Но Райан довел дело до конца. Думаю, до того дня, как их брак был официально расторгнут, Алиса продолжала верить, что это либо розыгрыш, либо временное помешательство ее мужа, которое должно закончиться вот прямо сейчас, в следующий миг. То есть, до официального развода, в ней не замечалось кардинальных перемен, казалось, что она либо до конца не осознает сути происходящего, либо ей глубоко плевать.

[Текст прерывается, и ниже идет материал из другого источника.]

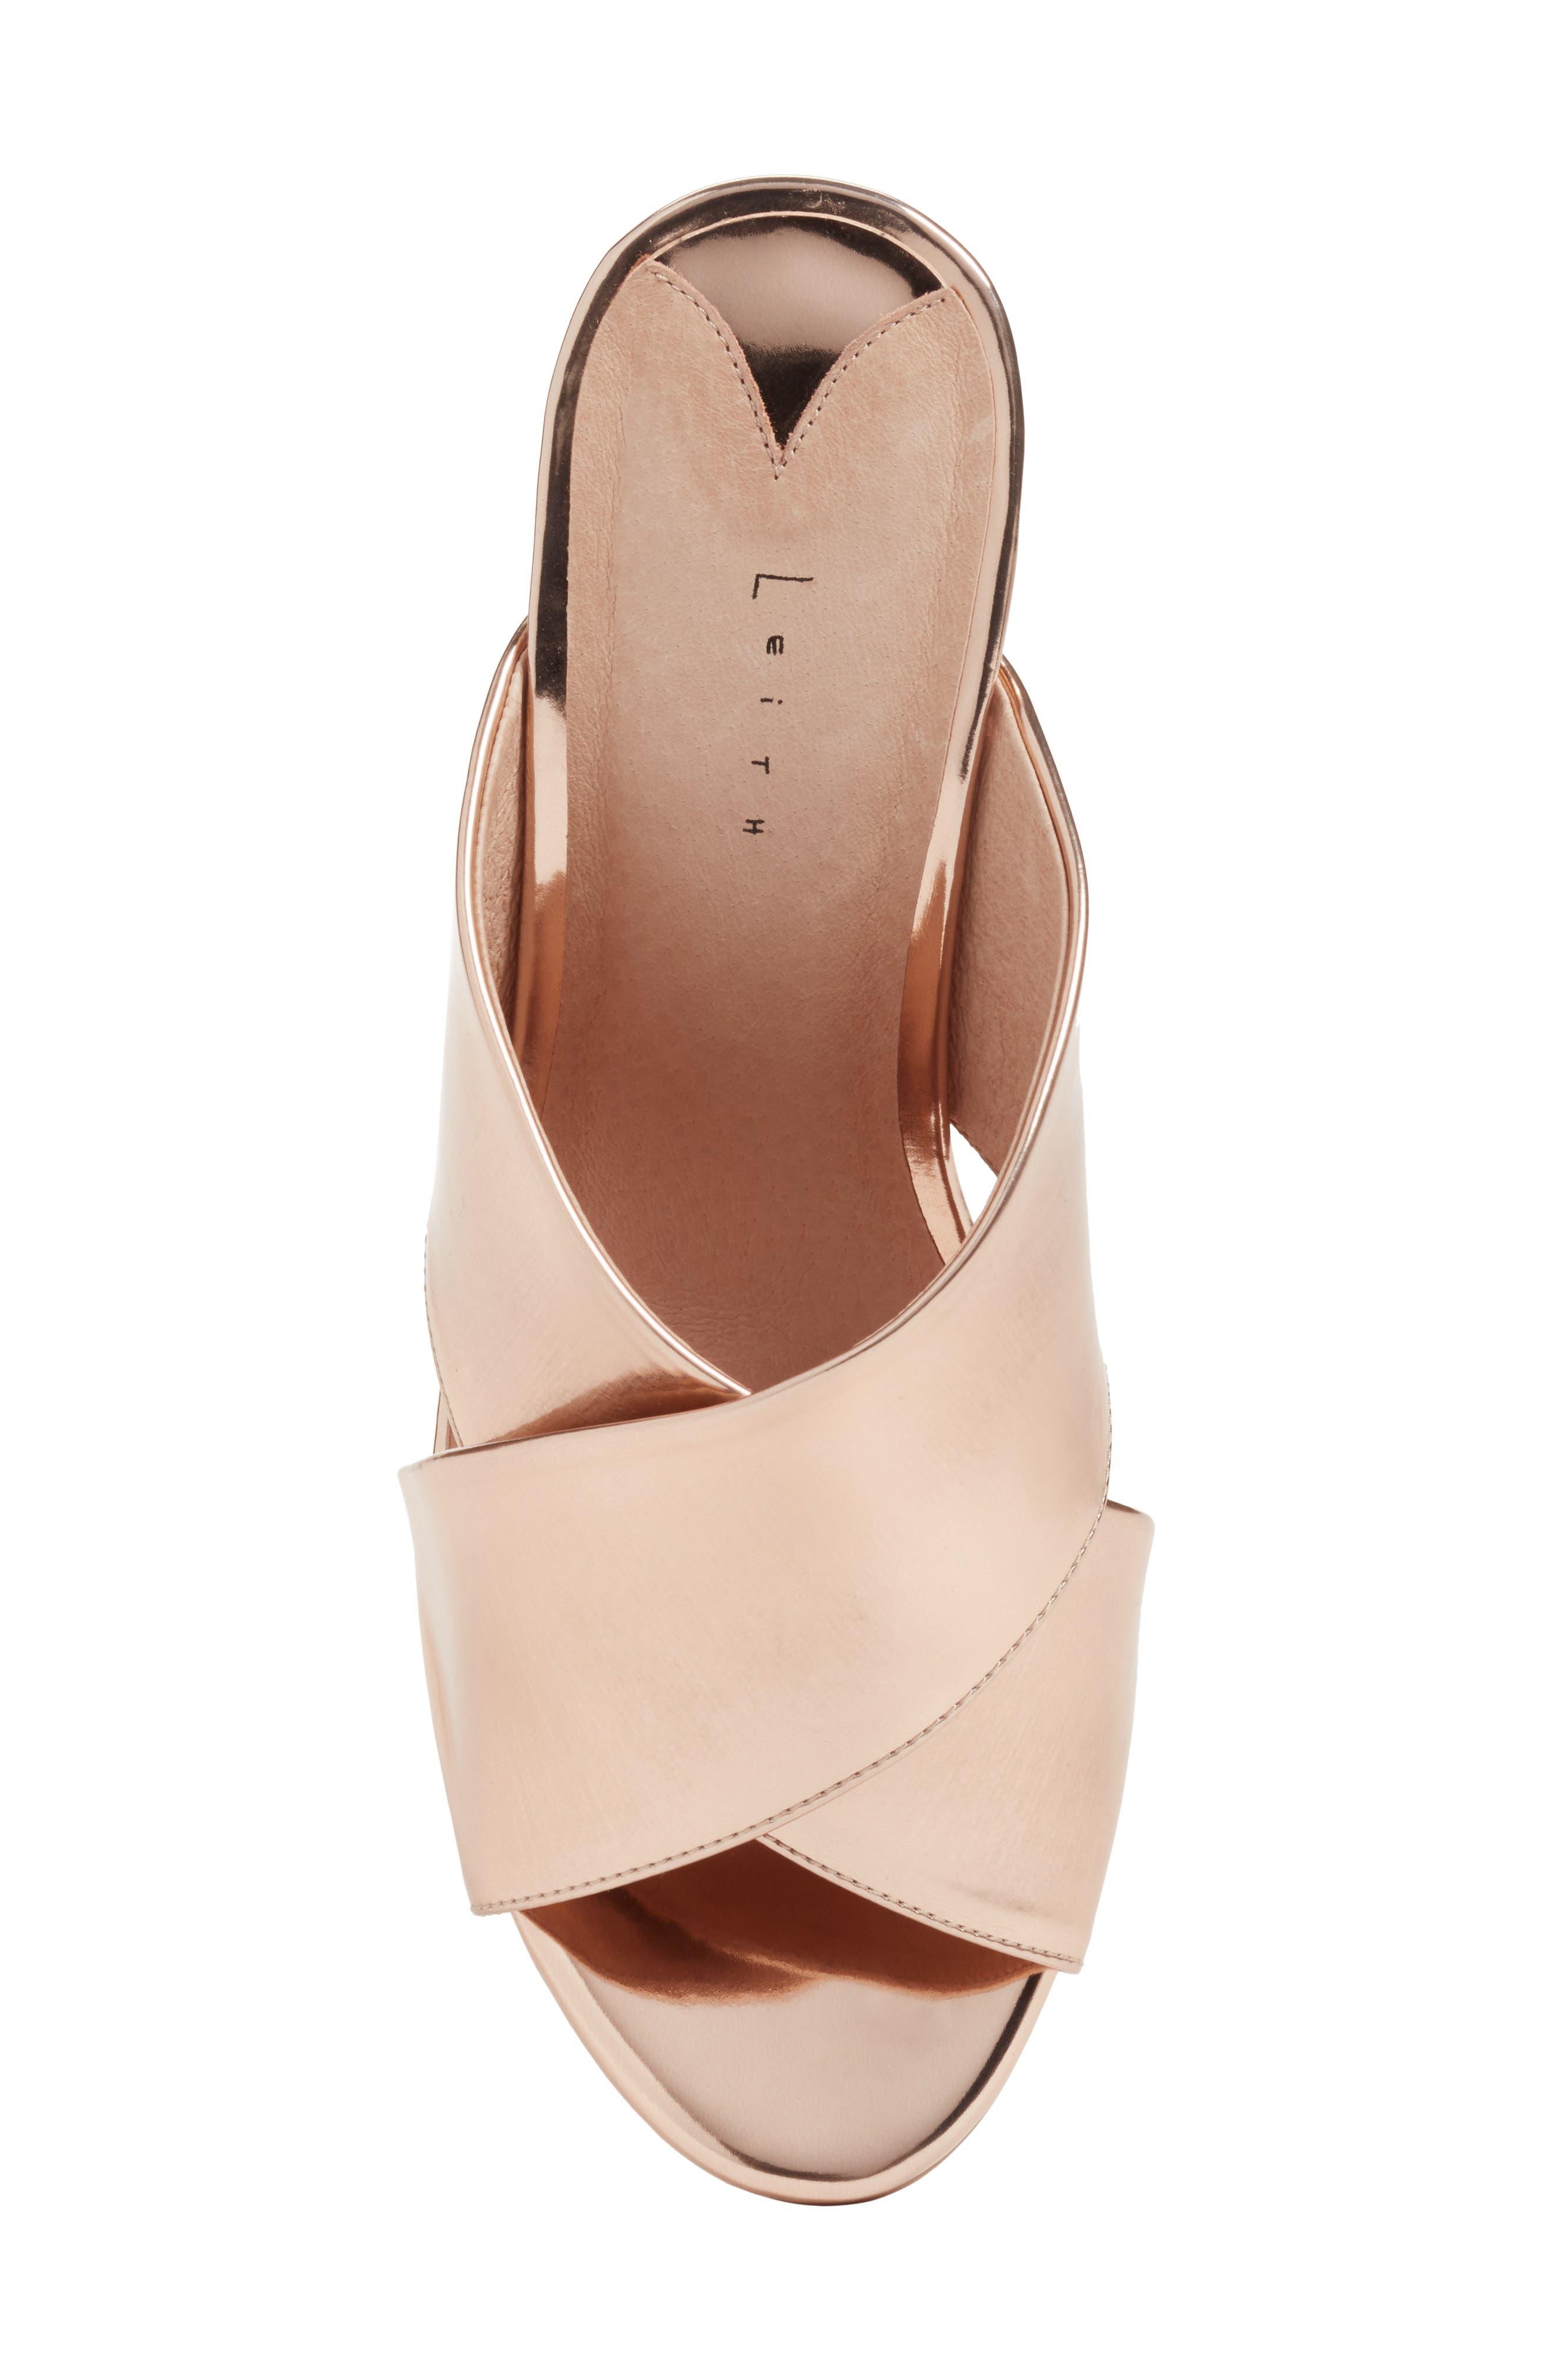 Cammie Block Heel Sandal,                             Alternate thumbnail 6, color,                             659

Даже когда я начинала говорить с ней на эту тему, то она реагировала с равнодушием такого типа, словно ее это вообще не касается. Ну, например:
– Алиса, как там Райан, не одумался?
– По поводу чего? – удивленно.
– По поводу развода.
– А… вроде бы, нет, – слегка задумчиво.
Будто речь о ее соседке. Разумеется, все изменилось, когда дело было сделано. Райан поступил невероятно благородно – это я иронизирую, – и оставил дом в полное распоряжение Алисы… ну и своего сына. А сам переехал к родителям, кто бы сомневался? Не знаю, не хочу наговаривать, но вряд ли ошибусь, предположив, что родители Райана горячо молились, чтобы Алиса допустила некий промах в воспитании Джери, чтобы прибрать к своим рукам и внука.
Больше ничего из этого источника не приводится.